Here is the really nasty part: Sis was driving Mom's car. It was insured for collision, with a fairly high deductible, with one of those national "We're cheaper and better as long as you don't make claims" insurers, who also insure Mom's home. If you know anything about insurance in Florida, you know that it is almost impossible to get homeowners' insurance due to the costs of Hurricane Andrew (at least, that's the excuse). Mom has had a couple of previous claims, minor things, and her agent warned her that, if there were another, the company would not renew her coverages. So, Mom was not about to make a collision claim.

It was not that our niece does not know all about claims; she is a licensed Florida adjuster, and her husband is an attorney. He is busy handling EEOC cases, however, and the limo company's insurer probably is not easily intimidated. Everybody has provided statements, truthful or otherwise, and that insurer's position is, "So sue us already." With only a few thousand dollars' worth of material damage, however, even the firm of Sleezebag Shyster & Shrewd would not touch it.

Few Good Options

If a policyholder lies about his liability and an insurer elects to deny and defend, even in the face of an adverse police report or whatever other investigation it may have made, the innocent victim begins to see the reason that our industry is so hated by the American public. The simple answer is to make the collision claim, and allow the carrier to subrogate and take the case to Intercompany Arbitration, where, hopefully, justice will prevail and Mom will get her deductible back. As we have noted, however, that was not an option here.
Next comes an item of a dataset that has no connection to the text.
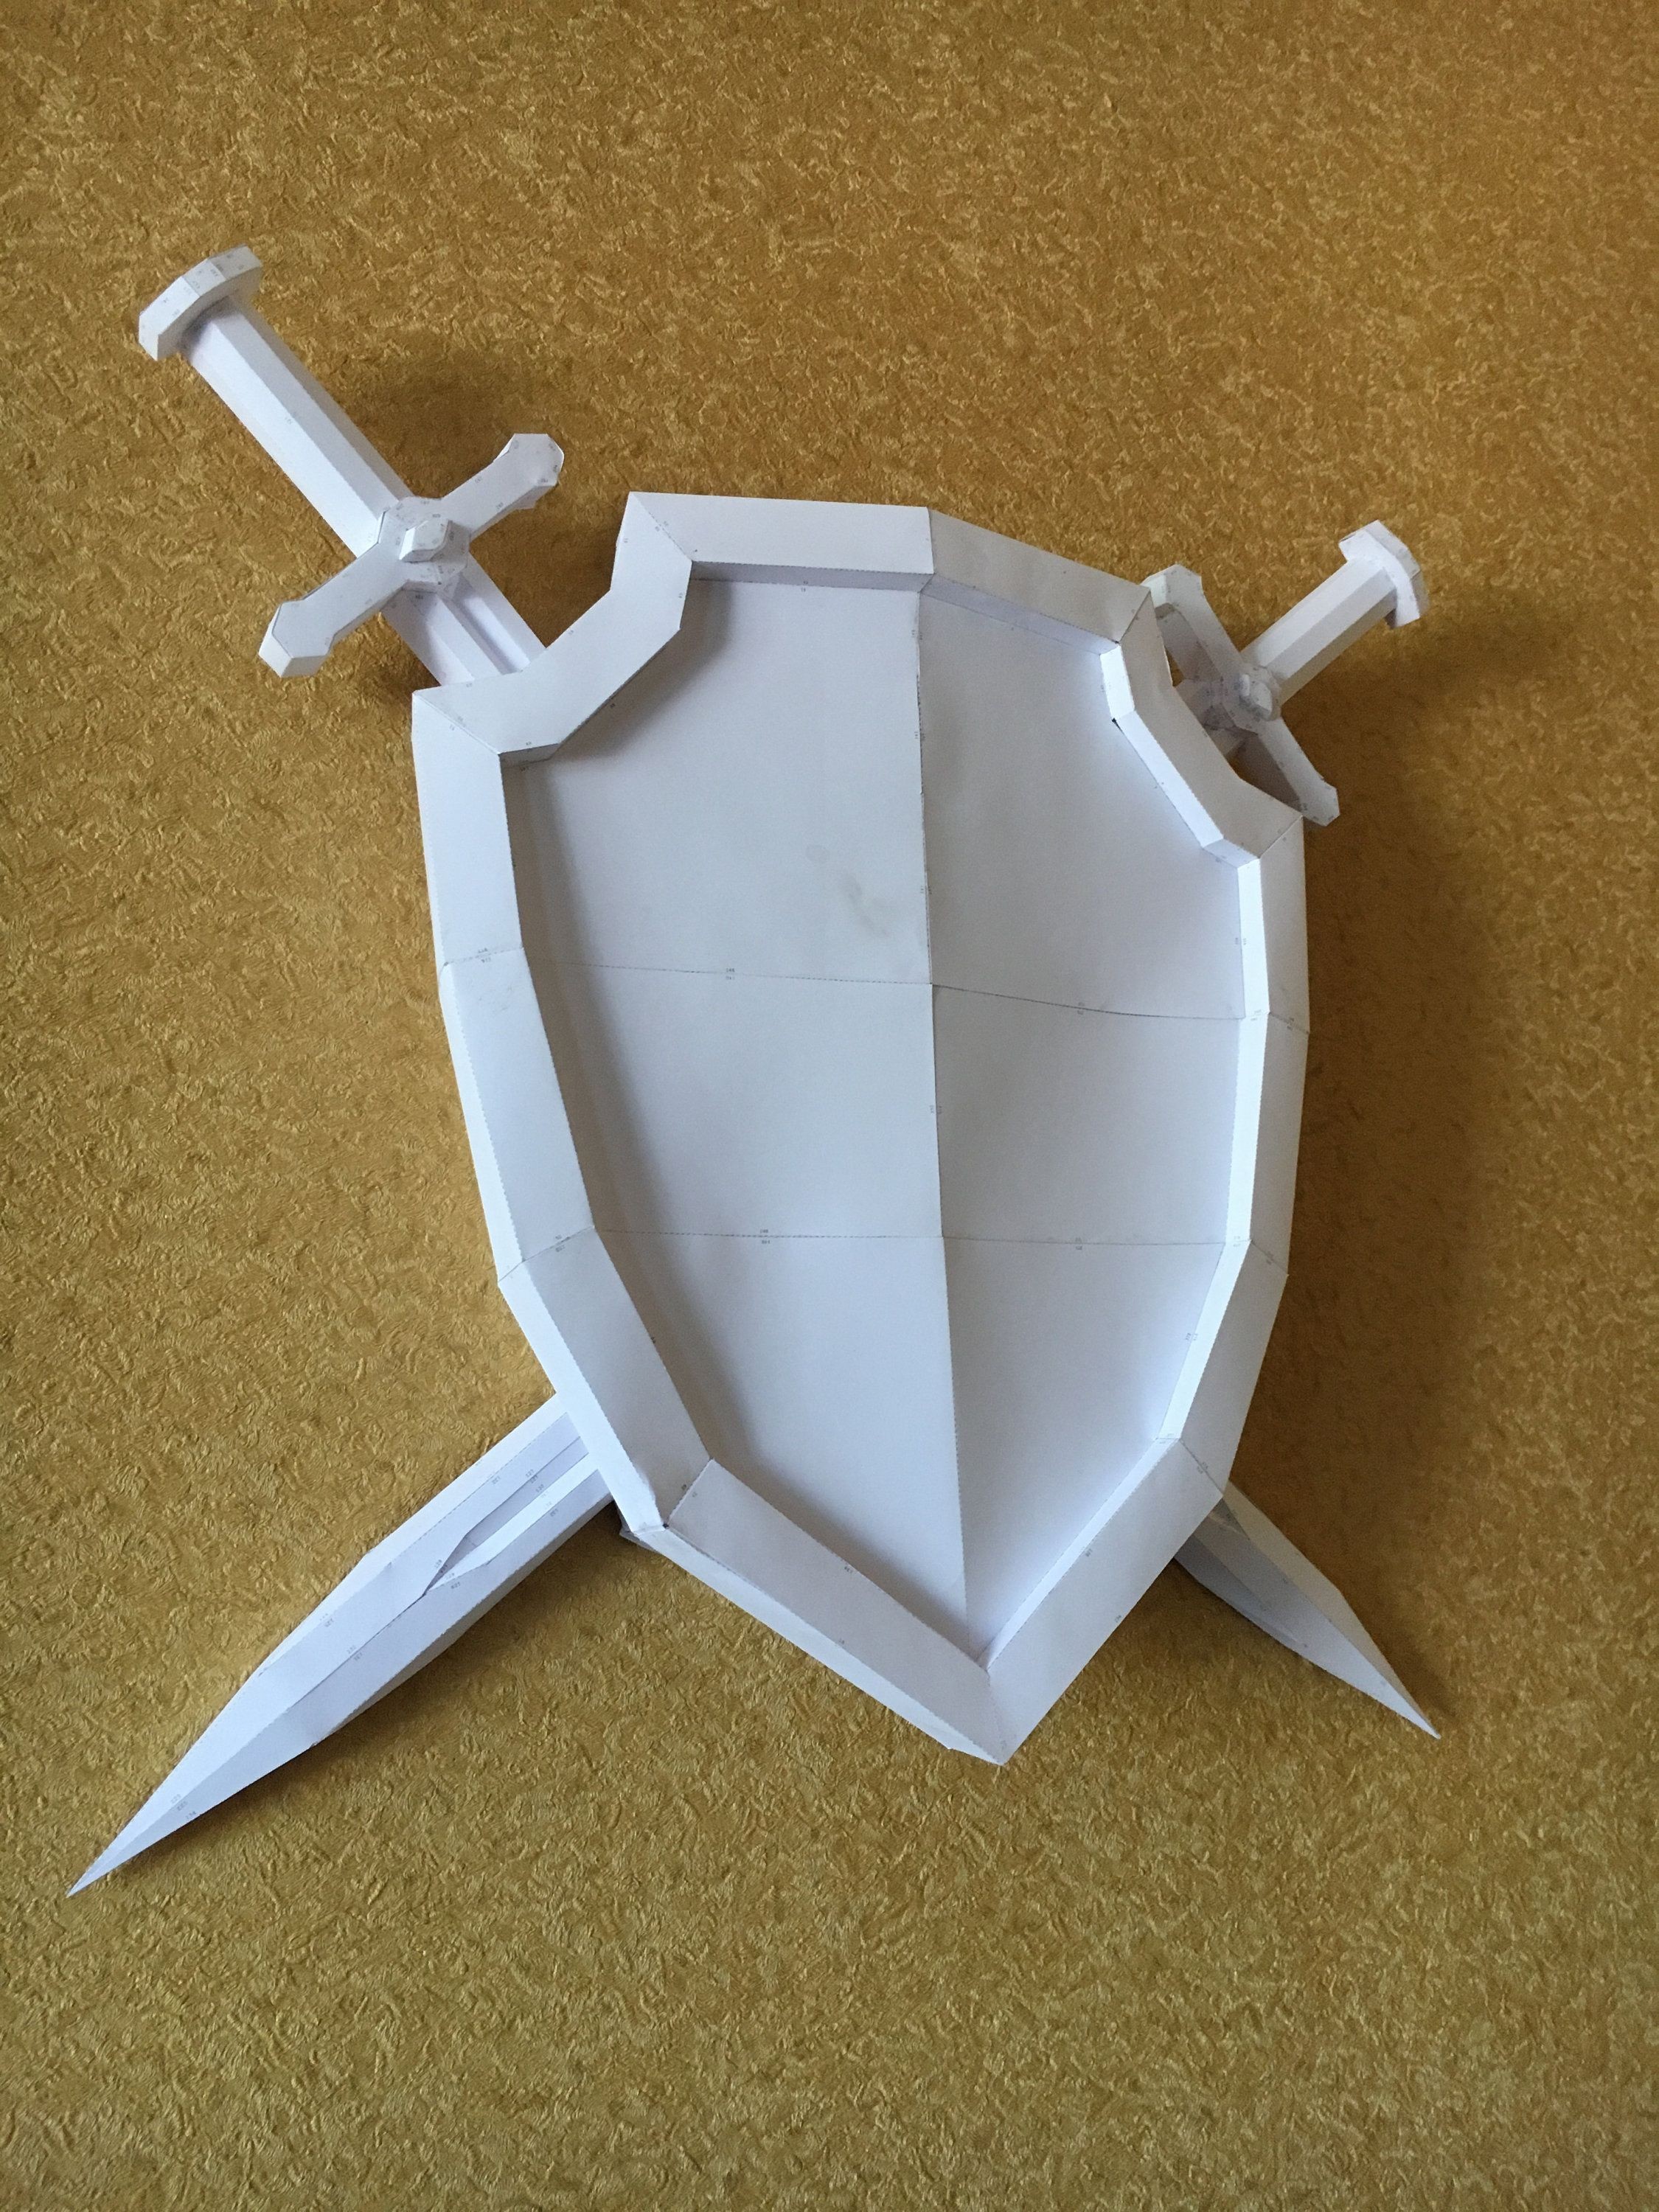 Gun Papercraft Sword Shield Diy Papercraft Model ÐÑÐ¼Ð°Ð¶Ð½ÑÐµ Ð¸Ð·Ð´ÐµÐ Ð¸Ñ

Another thought would be small claims court, but the limo driver probably is protecting his job and, if he lied to the insurer, he probably would lie to the court. Even if Sis and Mom won, how are they going to collect the judgment?

Or they could hire a good plaintiff lawyer and sue all the rascals. (Yes, Virginia, there are good plaintiff lawyers and, sometimes, they are a victim's last resort.) For a third of the amount of property damage to Mom's car, reduced by the amounts paid by insurers for cars three and four, no lawyer, good or bad, is going to waste time on this case. We all are entitled to our day in court, but principle is very expensive.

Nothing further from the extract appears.